DATA SEGMENT: Begin

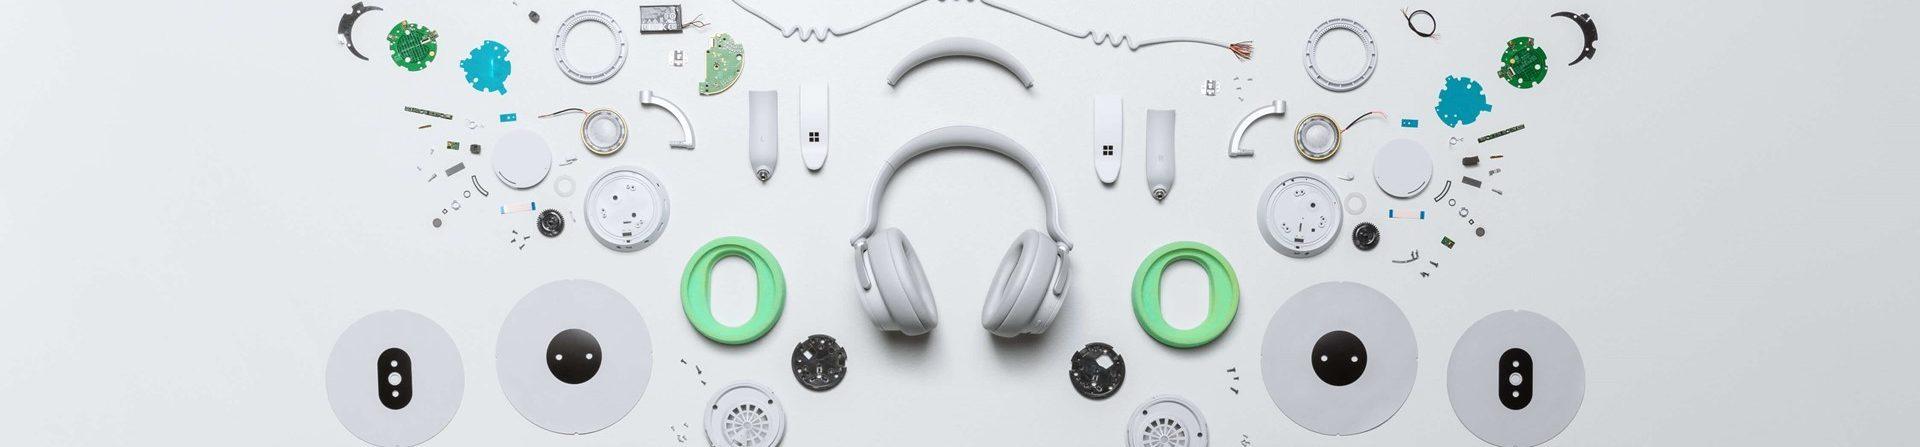 cropped-surface-headphones-jpg-2.jpg
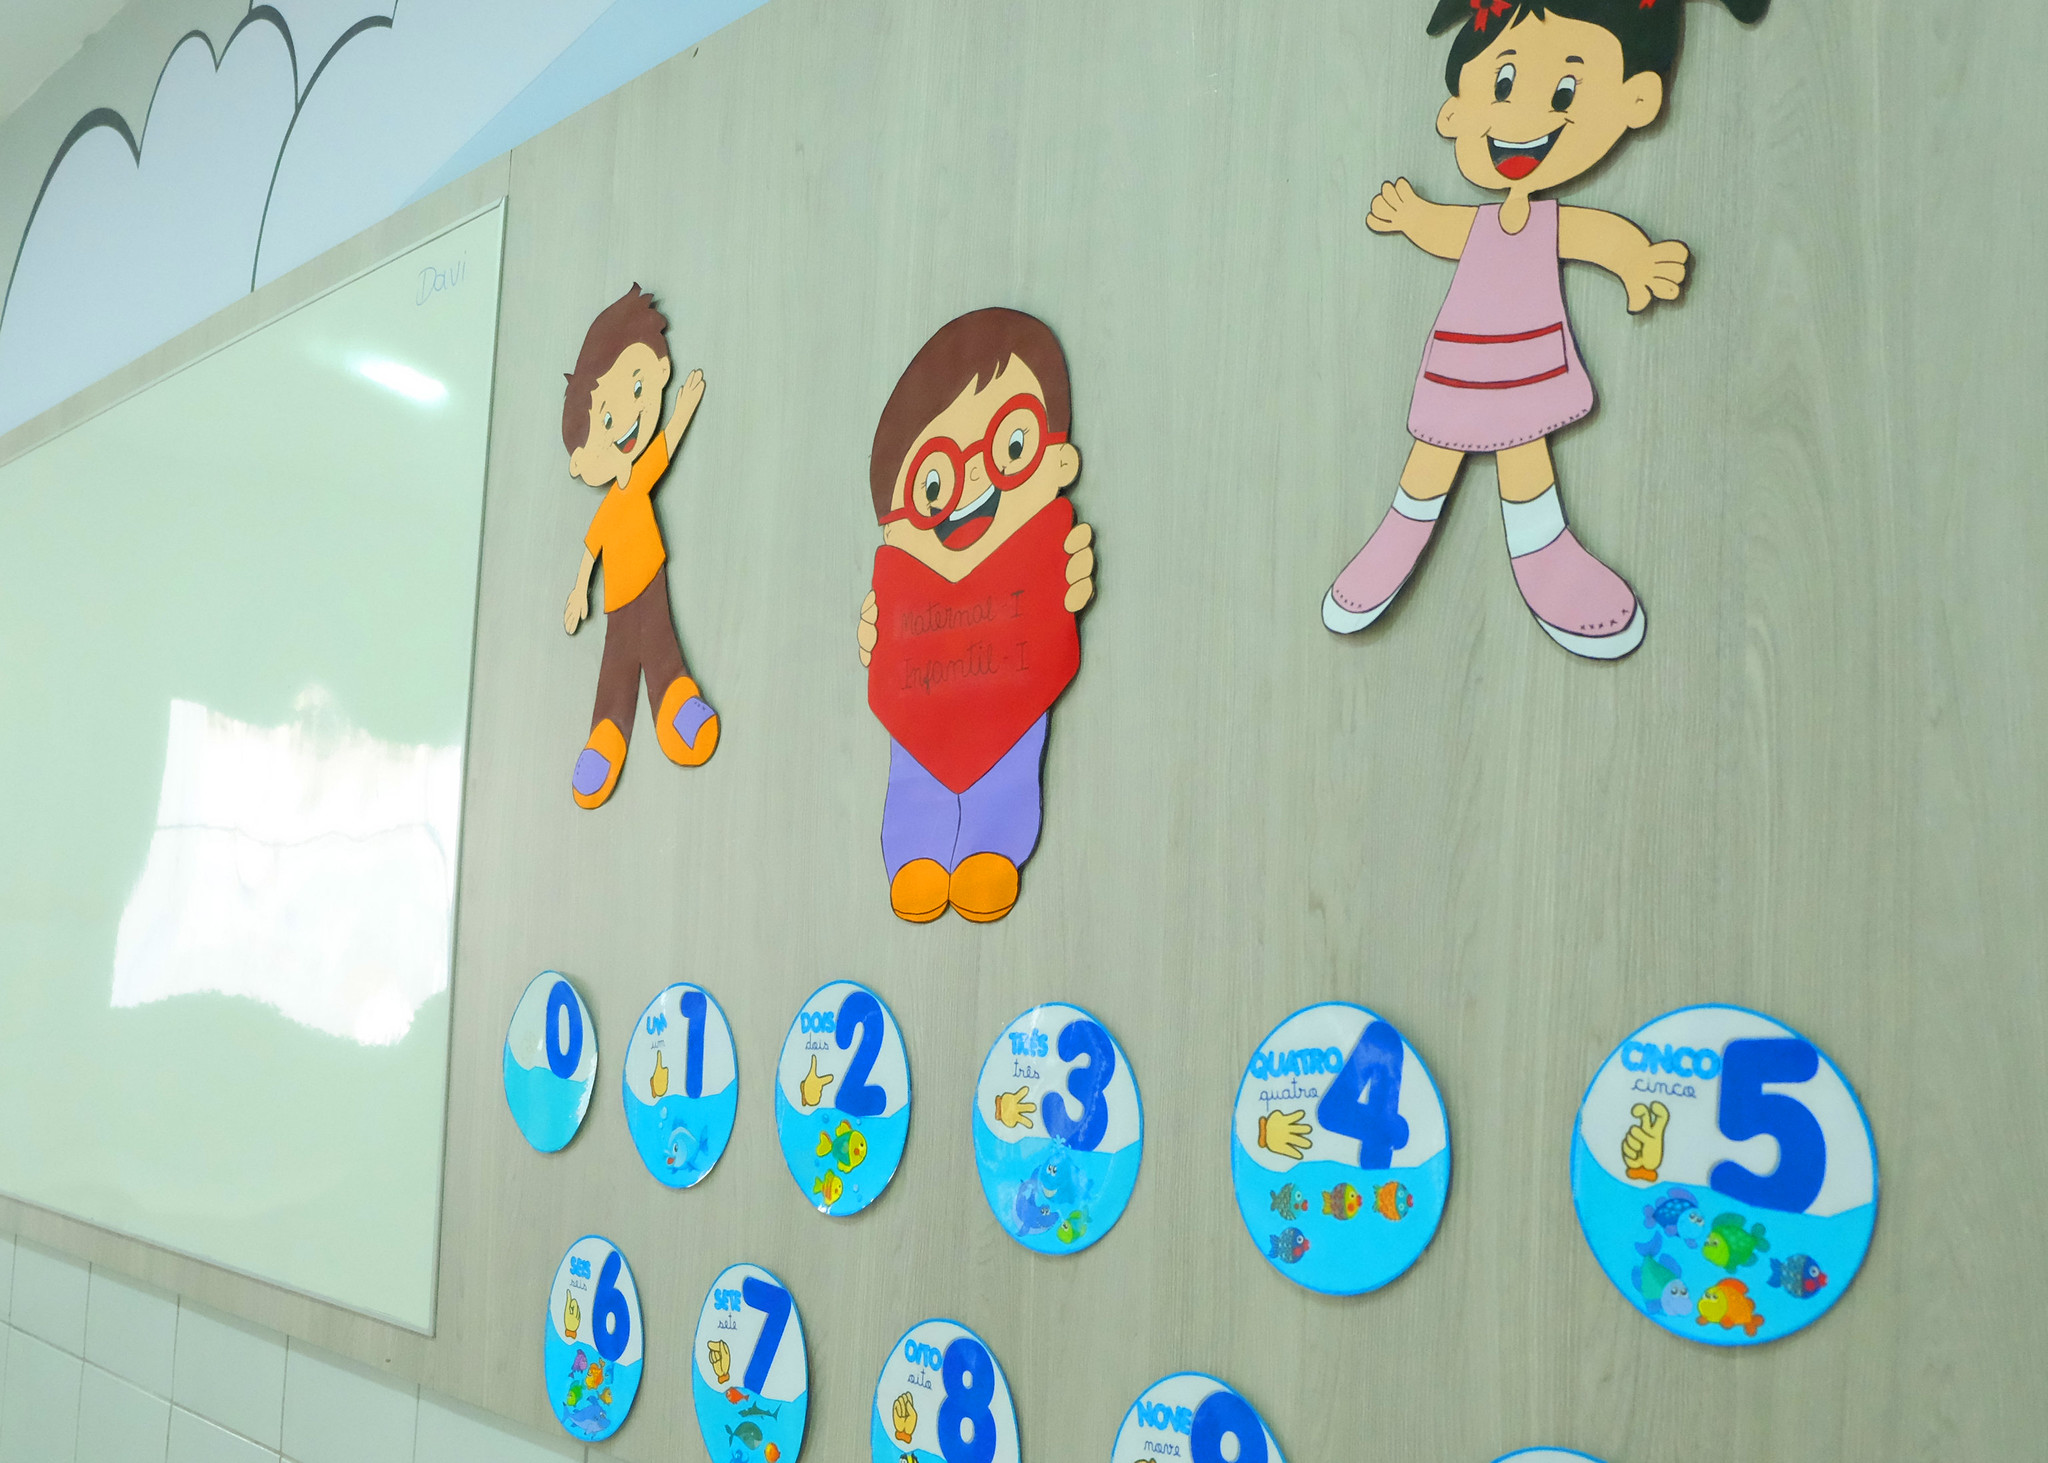 Sistema de Avaliação do Inep inclui Educação Infantil na edição deste ano
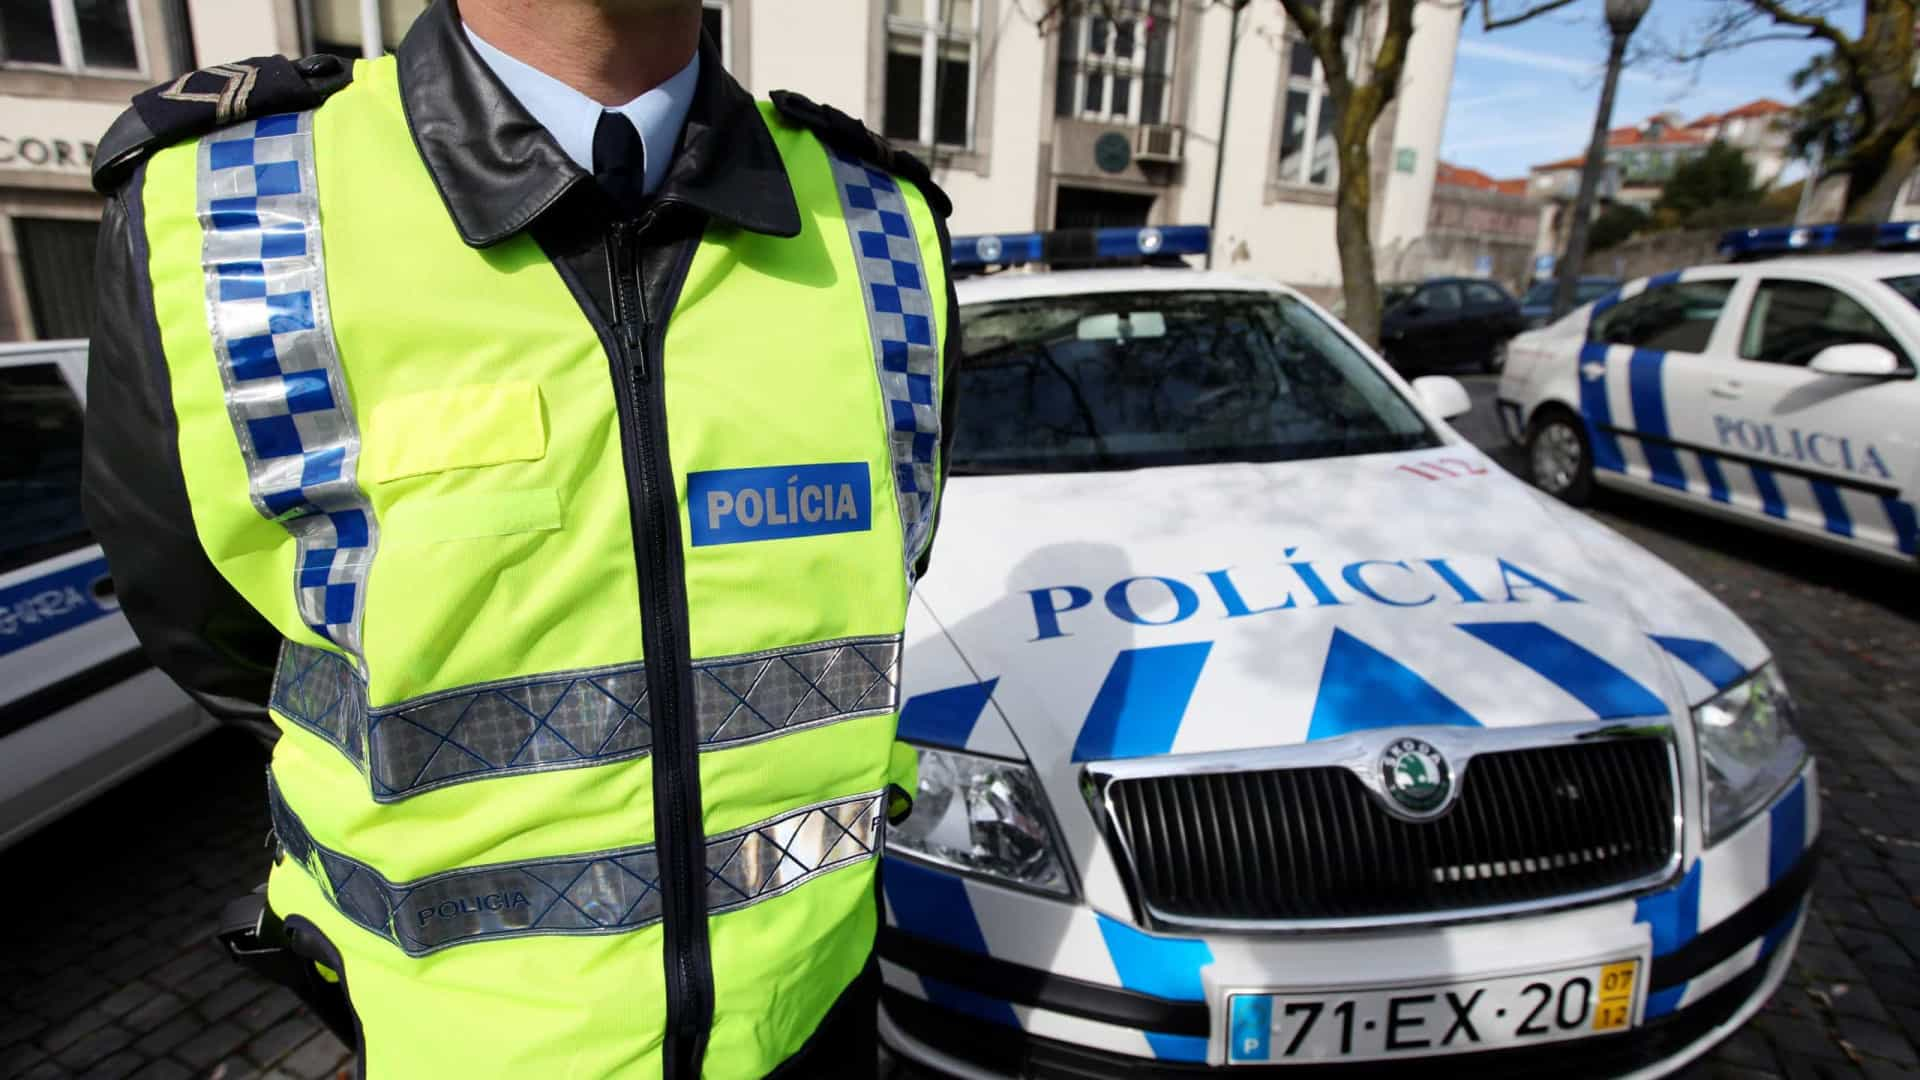 PSP detém suspeito de tráfico e apreende mais de 5 mil doses em Faro
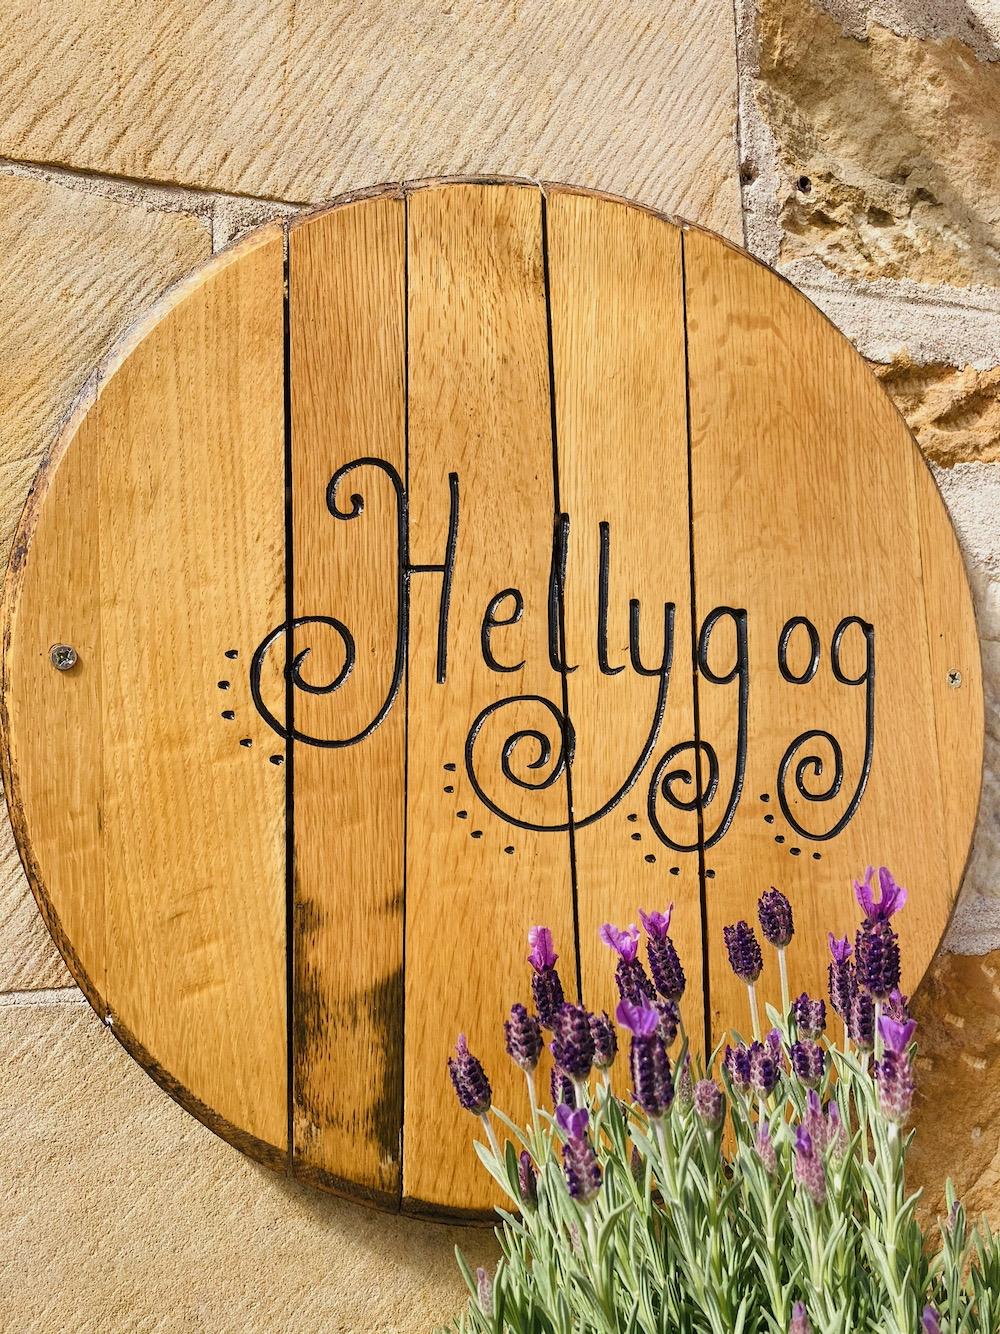 Hellygog at Logie STeading

DATA SEGMENT: End

## ASSIGNMENT
Copy out, unchanged, the span of lines beginning with the one that includes "Sistema de Avaliação" and running through the final line of the material above. Leave the pictures out.

## SOLVED EXERCISE
 Sistema de Avaliação do Inep inclui Educação Infantil na edição deste ano
 PSP detém suspeito de tráfico e apreende mais de 5 mil doses em Faro
 Hellygog at Logie STeading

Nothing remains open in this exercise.